Preliminary Observations:

1) The agreement does not prevent the Iranian regime from having a nuclear weapons capability.

2) It maintains and legitimizes Iran’s nuclear infrastructure., with some caps for the next 10 to 15 years.

3) It allows the Iranian regime to conduct research and development (R&D) on advanced centrifuges including IR-4, IR-5, IR-6 and IR-8, which are significantly more efficient. This allows Iran to master its technology and put together a small covert facility with only few hundred advanced centrifuges, sufficient to produce enough fissile material for a bomb.

4) It does not provide anytime, anywhere access to suspect nuclear sites, including the military sites. Instead it provides managed access with significant delays, which takes away the surprise element completely, undermining the very purpose of intrusive inspections.

5) Most importantly, after 20 months of negotiations, the agreement does not include any specific arrangement to inspect the sites that have already been sought by the IAEA, i.e, Parchin, and SPND. Nor does it mention the need for interviews with key scientists, i.e, Mohsen Fakhrizadeh, Fereydoon Abbasi, to name a few.
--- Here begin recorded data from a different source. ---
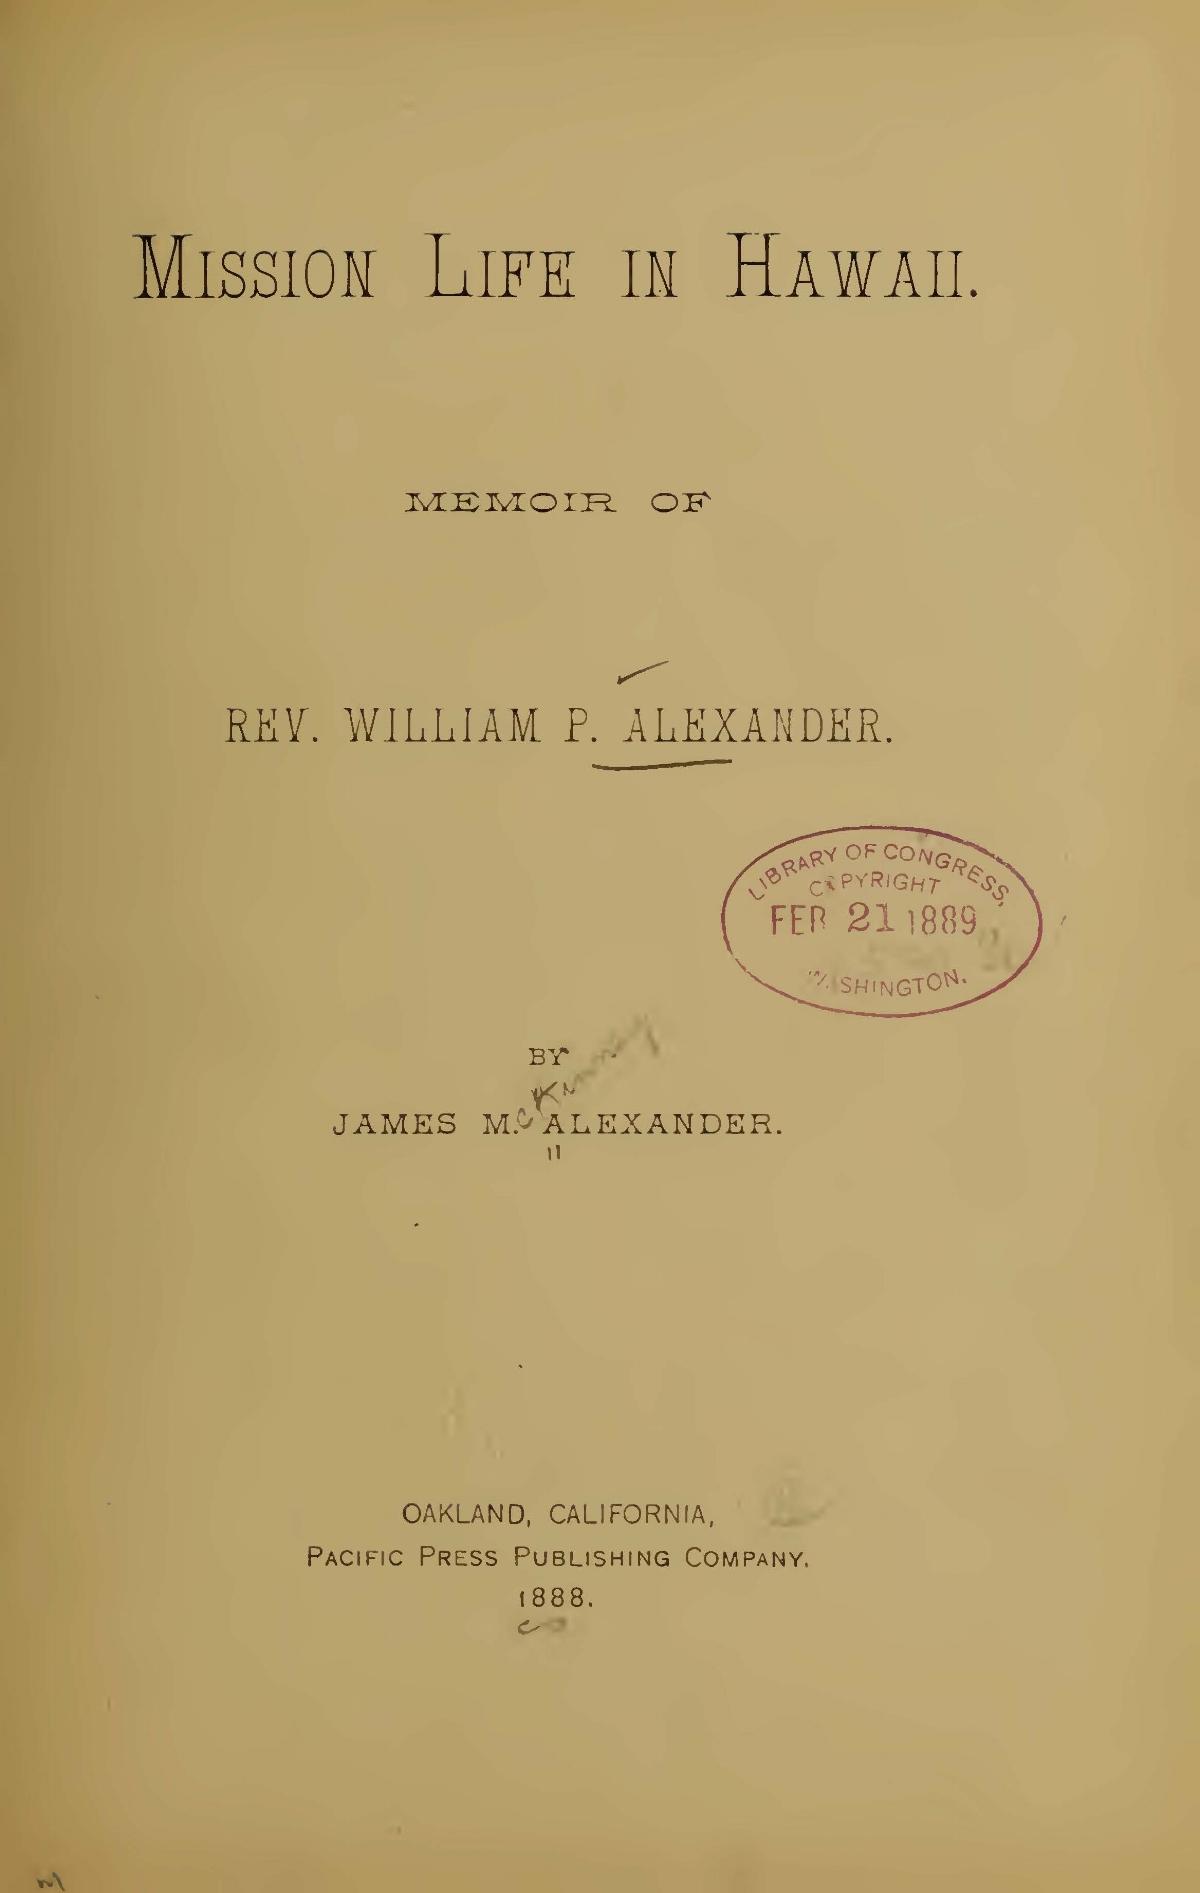 Alexander, James McKinney, Mission Life in Hawaii Memoir of Rev. William P. Alexander Title Page.jpg
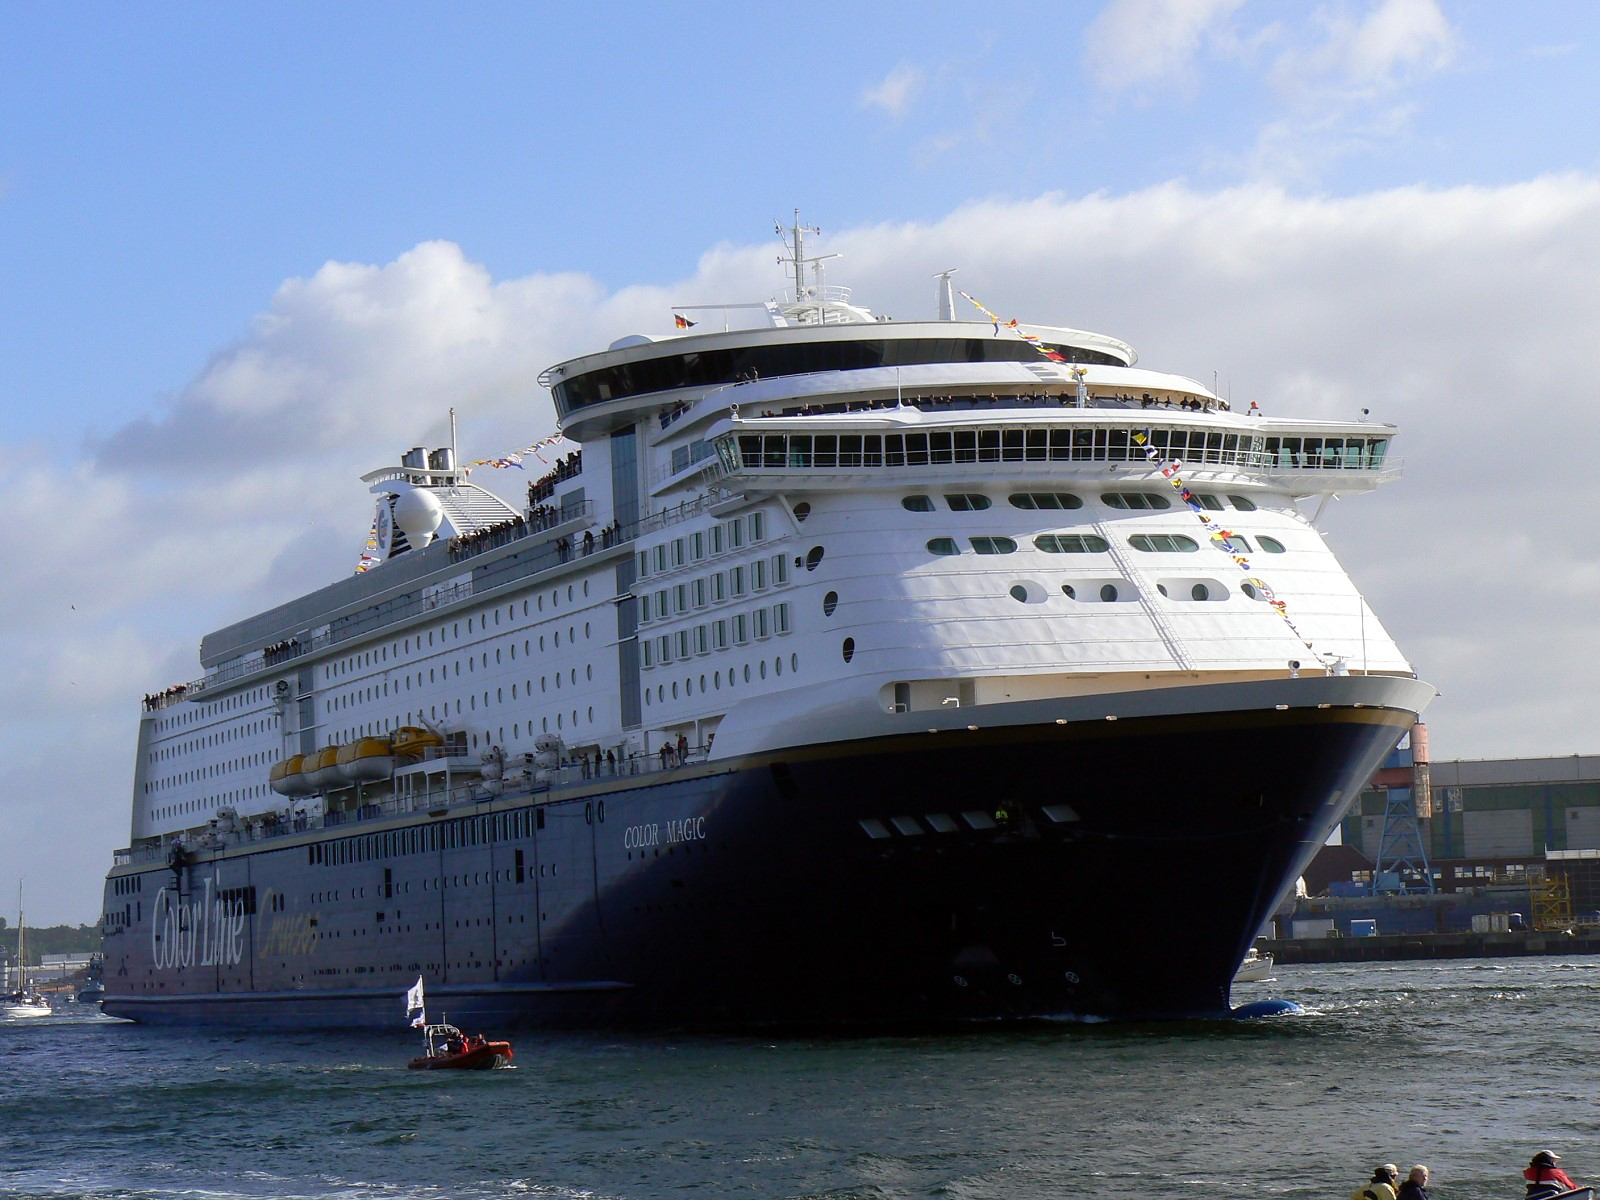 Book color line ferry - Ms Color Magic The Largest
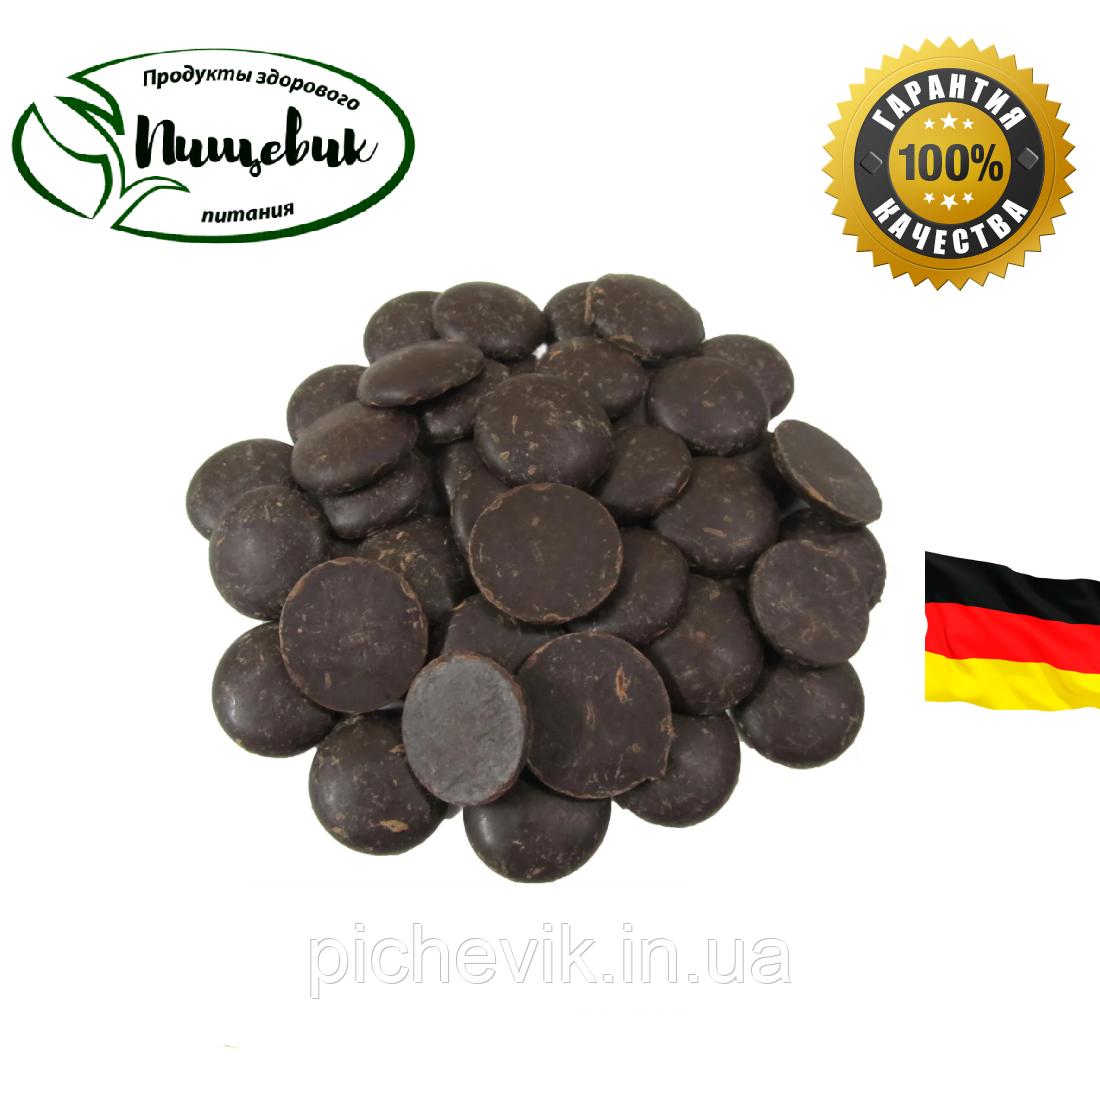 Какао тертое (Германия) ТМ Schokinag, в каллетах. Вес:250 грамм
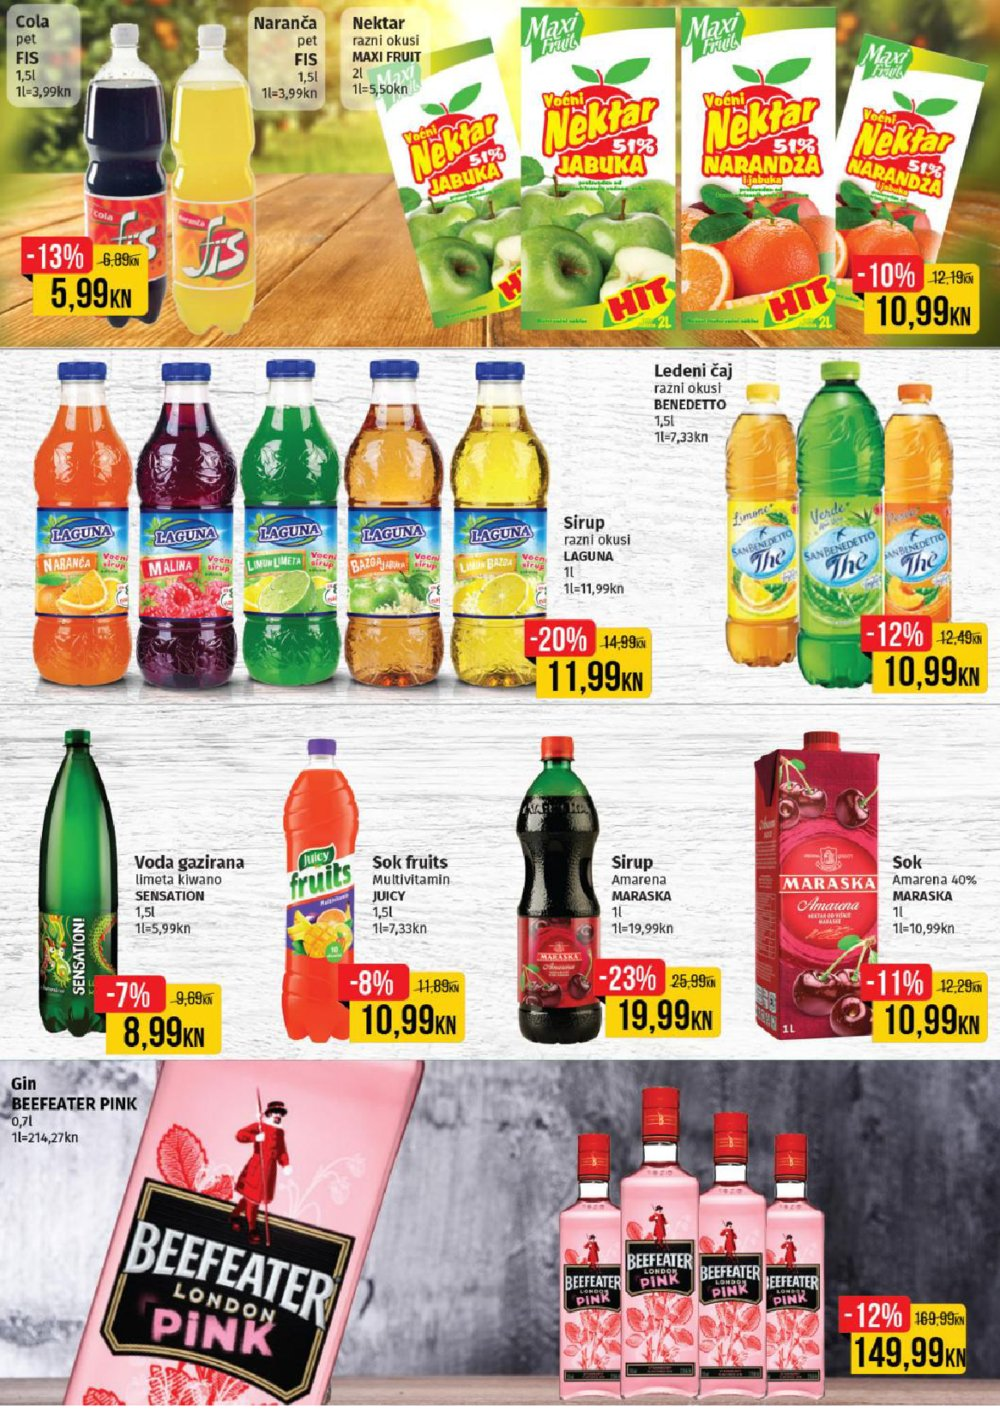 Istarski supermarketi katalog Akcija 12.02.-25.08.2019.
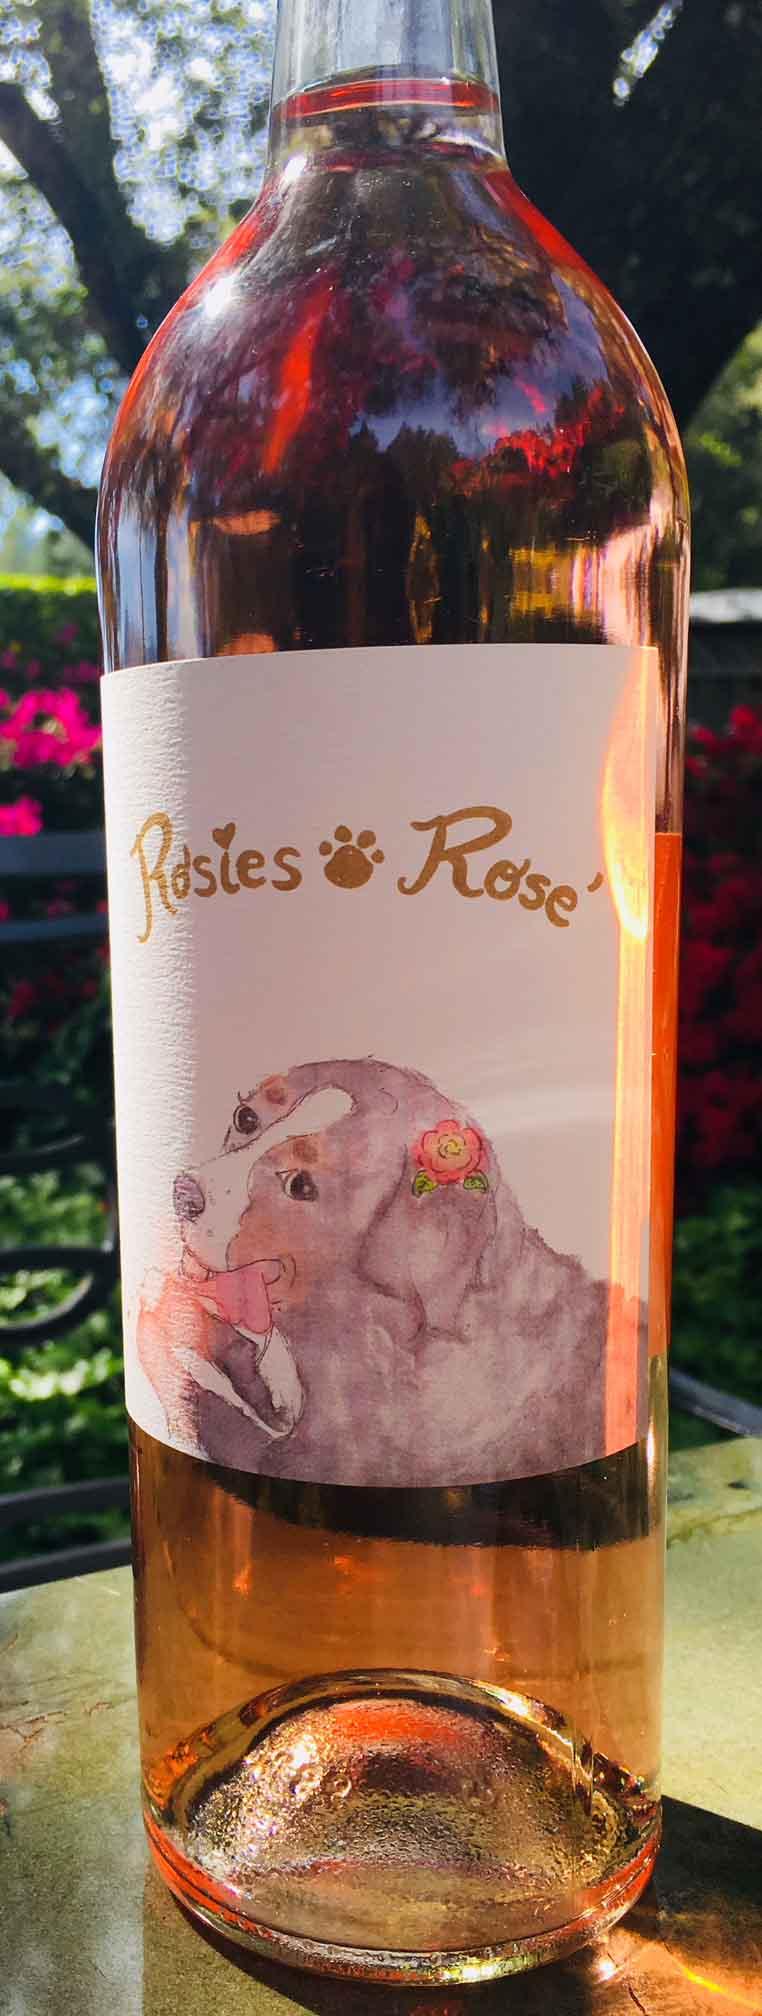 Arietta Rosie's Rose2018

6) The sanctions relief is massive and includes a large number of entities and individuals designated by the United States as part of the SDN list, including all major financial institutions, the Islamic Revolutionary Guards Corps, the Qods Force of the IRGC, and individuals such as Qods Force commander Qassem Sulaimani. The sanctions relief would give enormous boost to the Iranian regime’s ability to continue its rogue behavior, beyond economic relief.

7) It will provide weapons and missile trade relief in 5 and 8 years respectively, which could only help the terrorist and expansionist policies of the Iranian regime, already the world’s leading state-sponsor of terror.

The Way Forward:

1) Today’s agreement marks only a beginning of the serious investigation, scrutiny and oversight that Congress and foreign policy experts in the United States must undertake in the next 60 days.

2) Congress should scrutinize the agreement in a bi-partisan way. This is not a partisan issue and must be dealt with based on its merits.

3) The agreement, should not bar the United States from addressing the rogue behavior of the Iranian regime, namely its abysmal human rights record, its support for terrorism and its destabilizing role in the region.